Racionais MC’s é um grupo de rap brasileiro que foi fundado em 1988, composto
por Mano Brown, Edi Rock e Ice Blue, além do DJ KL Jay. A década de 1980, na leitura
de Luiz Claudio Barcelos, foi um período que ainda esteve na onda do movimento “black
soul”, que tomou forma principalmente a partir dos anos 1970.
O “black soul” foi um movimento de caráter principalmente cultural, que visava
garantir formas de lazer à população negra periférica da cidade de São Paulo naquele
período. Esse movimento foi lido como um movimento que conseguiu aglutinar um
grande contingente de pessoas, mas que, não obteve igual importância no campo político.
Ou seja, na década de 1970, em São Paulo, o movimento negro já se movimentava
culturalmente, mas ainda não tinha o que era necessário para instrumentalizar esse
movimento politicamente. (BARCELOS, 1996, p. 12)
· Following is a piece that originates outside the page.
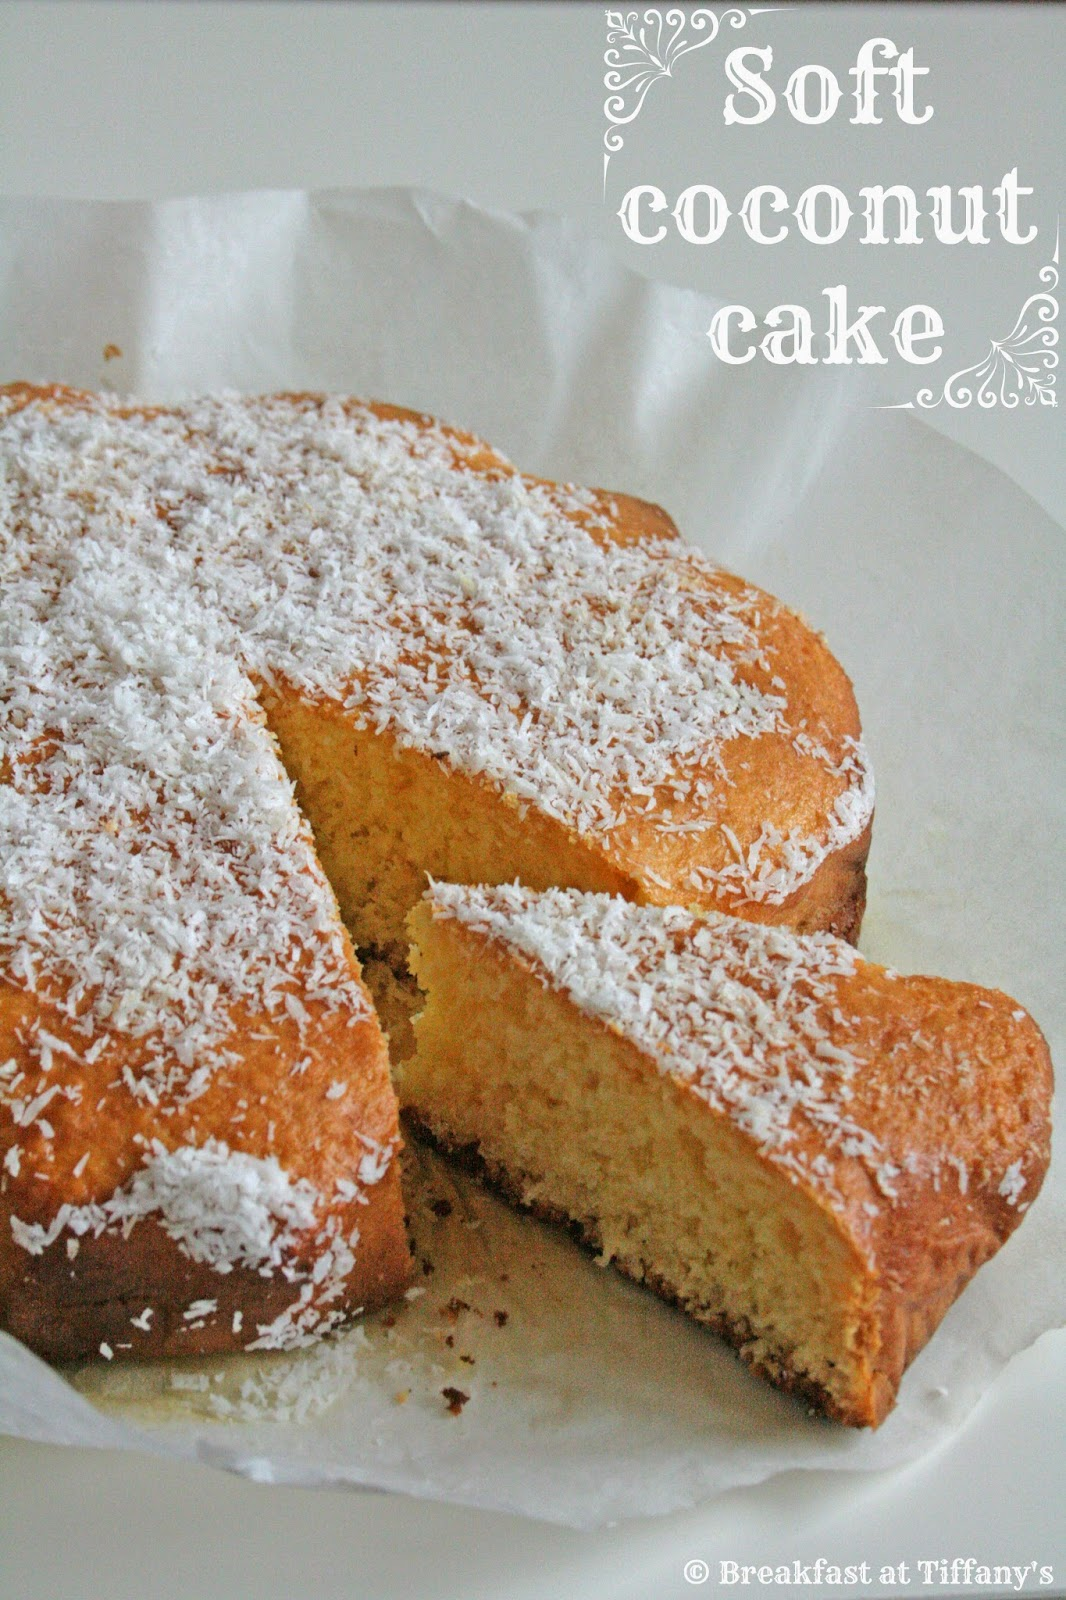 torta soffice al cocco / soft coconut cake recipe

Em contrapartida, nessa mesma década de 1970, mais precisamente em 1978, o
Movimento Negro Unificado fora criado, esse movimento, lido por Barcelos como o
“mais nítido projeto de político de mobilização racial contemporânea” (BARCELOS,
1996, p. 13). Essa organização, antes de vir a ser o MNU, era denominada como
Movimento Único Contra a Discriminação Racial. A troca de nome foi um marco no que
diz respeito ao quê se propunha o movimento. A adoção do caráter racial, entendido na
adição do “negro” e a ruptura com os demais movimentos de esquerda, que
necessariamente não tinham como pauta a questão racial, significou também uma menor
participação de diversos outros atores políticos nesse movimento.
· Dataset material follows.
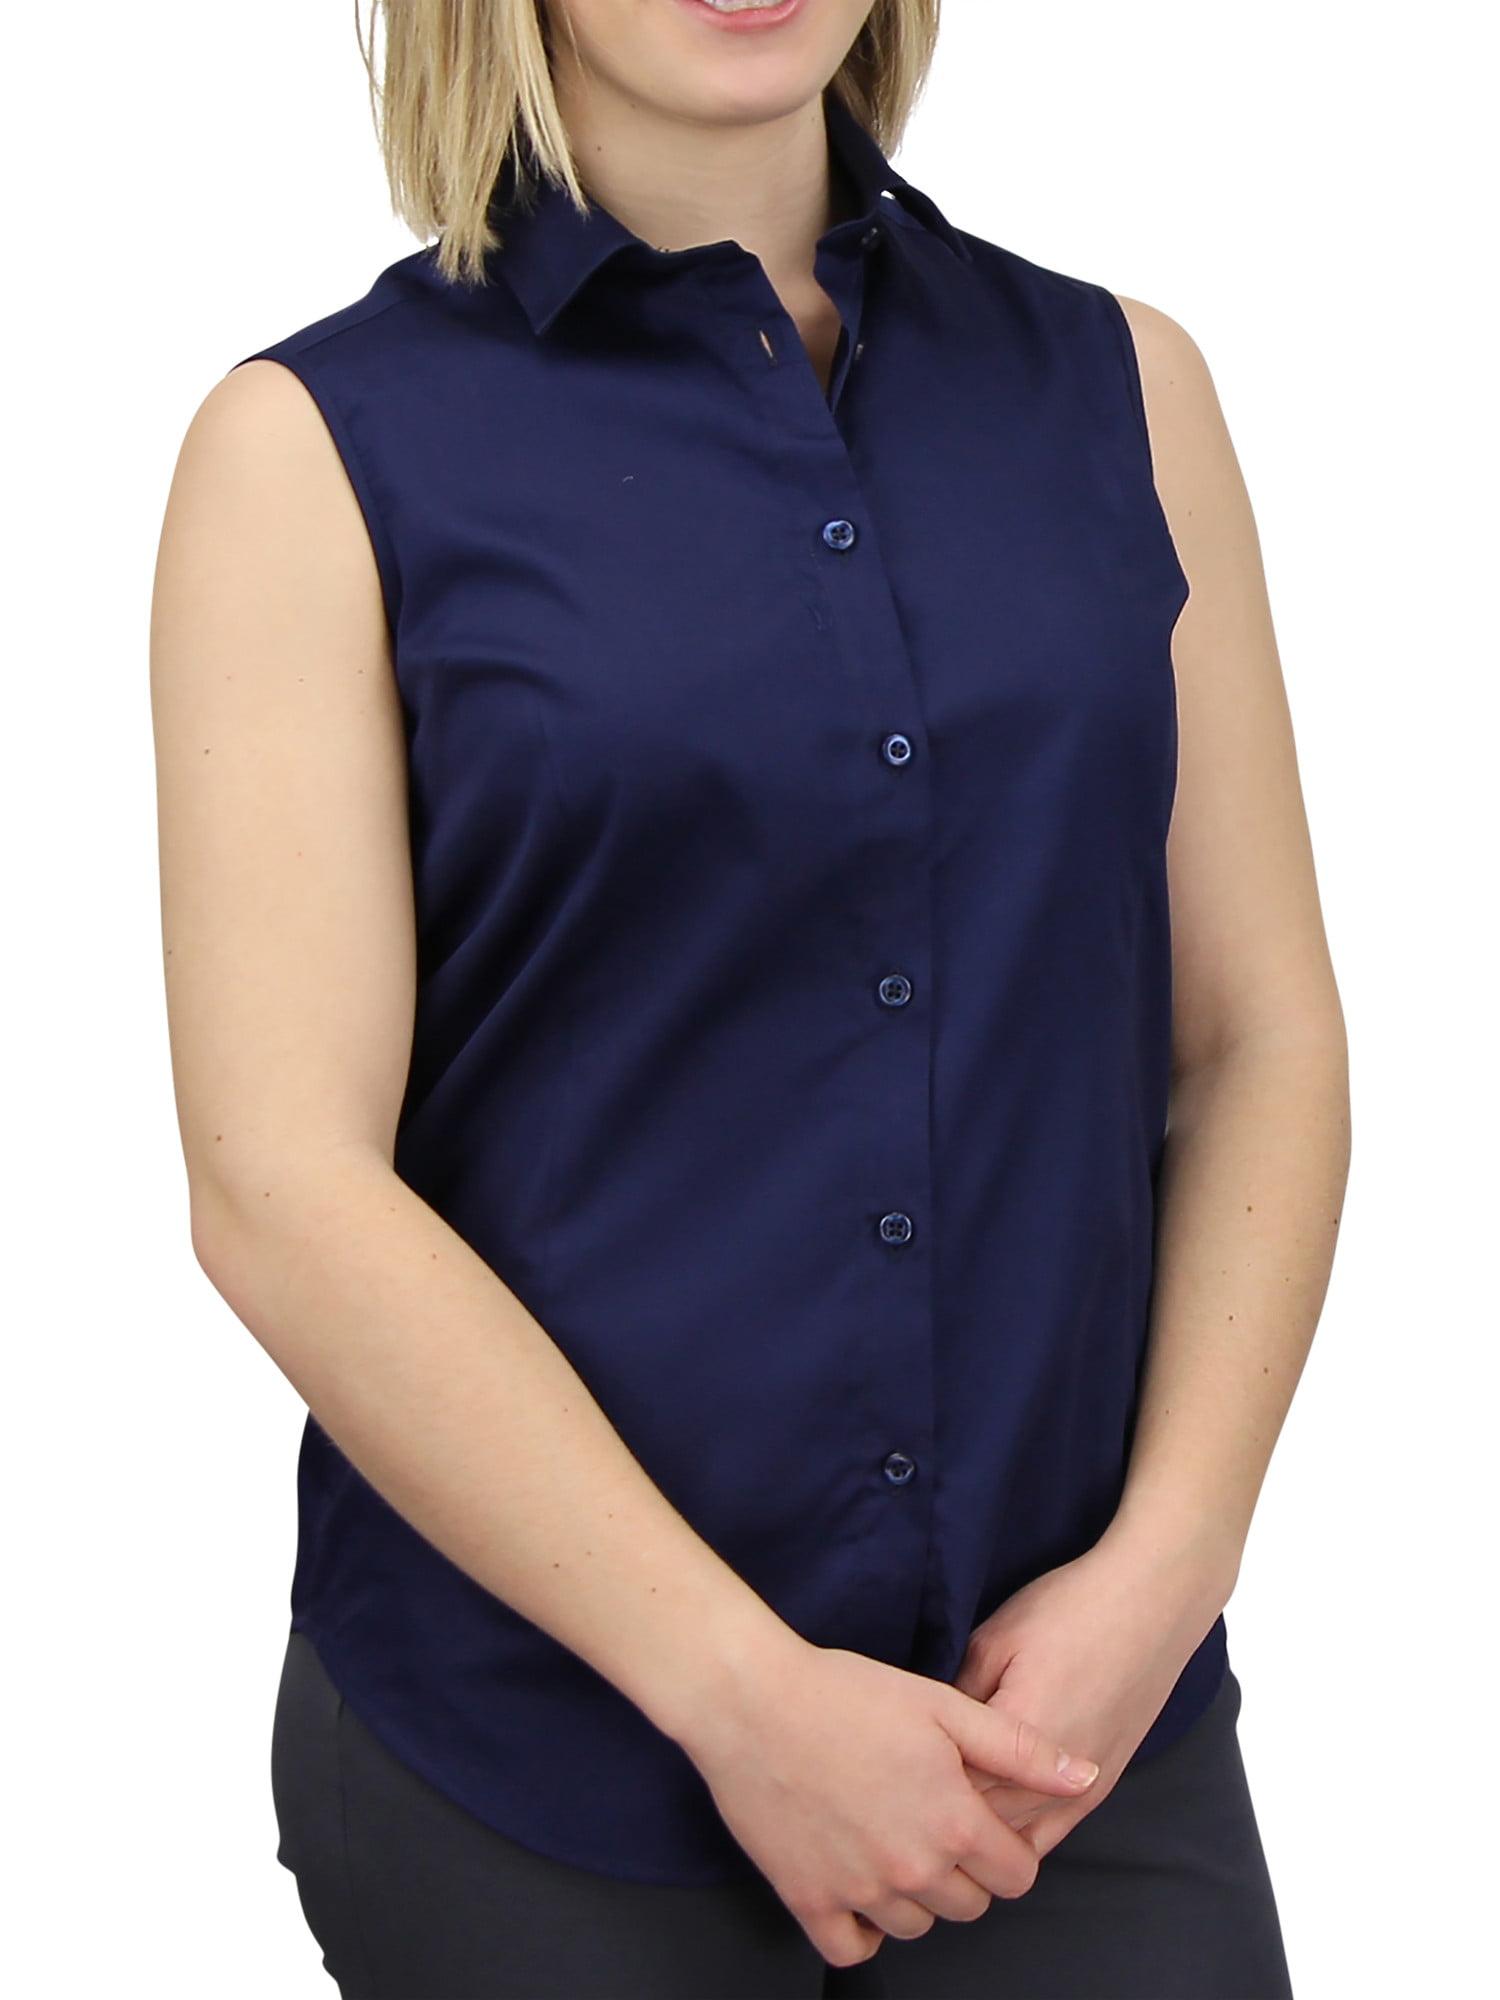 Urban Boundaries Womens Sleeveless Collared Shirt 100 Cotton

Dois aspectos são fundamentais quando falamos no Movimento Negro Unificado:
primeiro, o MNU foi um movimento que entendeu as condições primarias que
perpassavam por seus quadros, todos eram negros e quase todos eram pobres. Ou seja, o
MNU fez a integração entre raça e classe; segundo, o MNU assim como diz o seu nome,
tentou fazer a junção de todos os movimentos negros do período, fossem eles de caráter
cultural, político, étnico ou o que quer que fosse. (BARCELOS, 1998, pp. 198-199)
Sales Augusto dos Santos (2008) coloca que até a década de 1990, os movimentos
negros clássicos, onde o MNU se encontrava, necessitavam de certa metodologia para o
combate ao racismo. O papel do movimento negro clássico foi esse, disseminar a
consciência, principalmente nas periferias dos grandes centros urbanos, que as relações
entre pretos e brancos são extremamente desiguais.
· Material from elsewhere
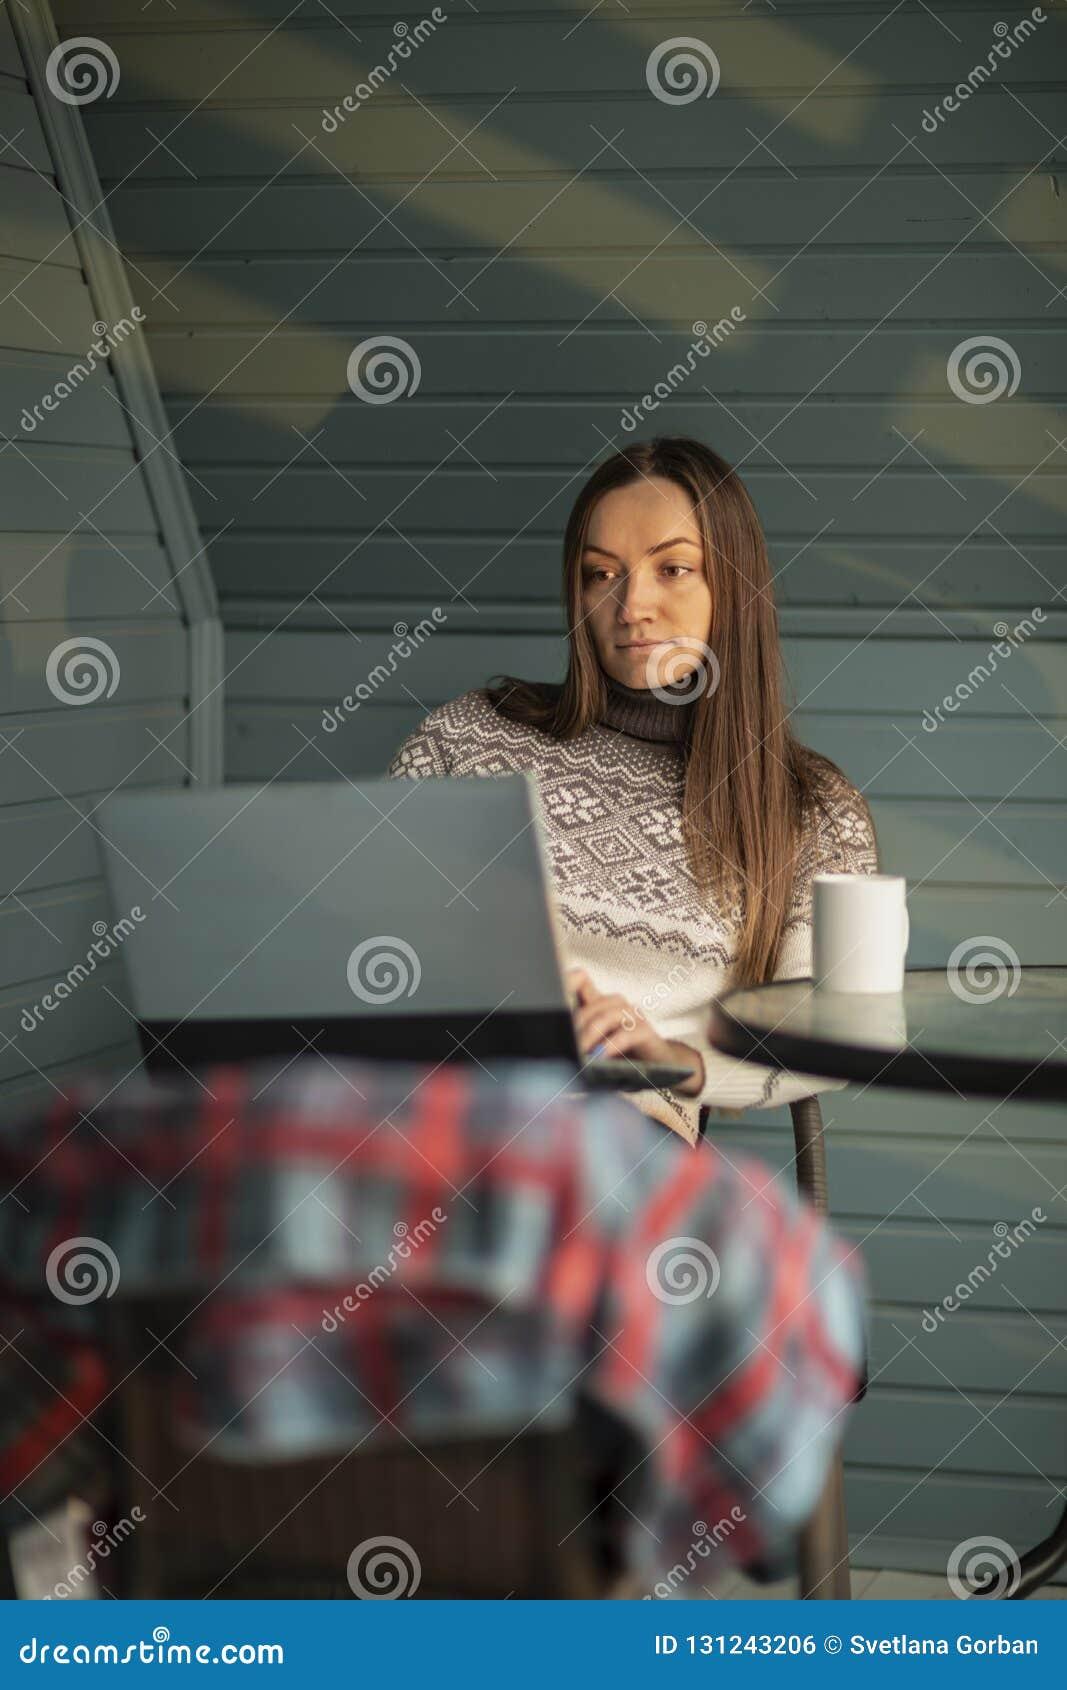 年轻女人,膝上型计算机,阳台,茶,自然

O trabalho que Santos coloca é que, a partir dessa movimentação inicial do
movimento negro na década de 1990 de construção da consciência, as formas de
resistência à discriminação racial por parte do movimento negro tiveram de ser
repensadas, pois essa resistência não encontrou êxito em transformar suas reivindicações
e denúncias em políticas publicas efetivas de combate à descriminação.
Se a admissão de que o sistema é racista não foi posta em pauta, podemos imaginar
como se seguiu o debate sobre as formas de combate ao racismo pelas instituições. Diante
dessa realidade, os Racionais MC’s chutam a porta das instituições e da sociedade, com
suas letras e postura dizendo “o sistema é racista, e eu vou denunciar!” a letra da música
Capitulo 4 Versículo 3 traduz um pouco dessa revolta:
REFERÊNCIAS
BARCELOS, Luiz Cláudio. Mobilização racial no Brasil: uma revisão crítica. Afro-Ásia.
N. 17. 1996. pp. 187-210.
MELO, Tarso de. Sobrevivendo no inferno: ainda e sempre. Cult, Nº 241, dez. 2018.
RACIONAIS MC’S. Sobrevivendo no Inferno. Cosa Nostra Fonográfica, 1997.
SANTOS, Sales Augusto dos. Os rappers e o ‘rap consciência’: novos agentes e
instrumentos na luta anti-racismo no Brasil na década de 1990. Sociedade e Cultura, v.
11, n. 2, jul/dez. 2008. Pp. 169-182.
Jornal Le Monde Diplomatique Brasil. Entrevista: Mano Brown – vídeo, música e texto.
Um sobrevivente no inferno. 08 de janeiro de 2018. Disponível em
http://diplomatique.org.br/um-sobrevivente-do-inferno/. Acesso em: 21/12/2018.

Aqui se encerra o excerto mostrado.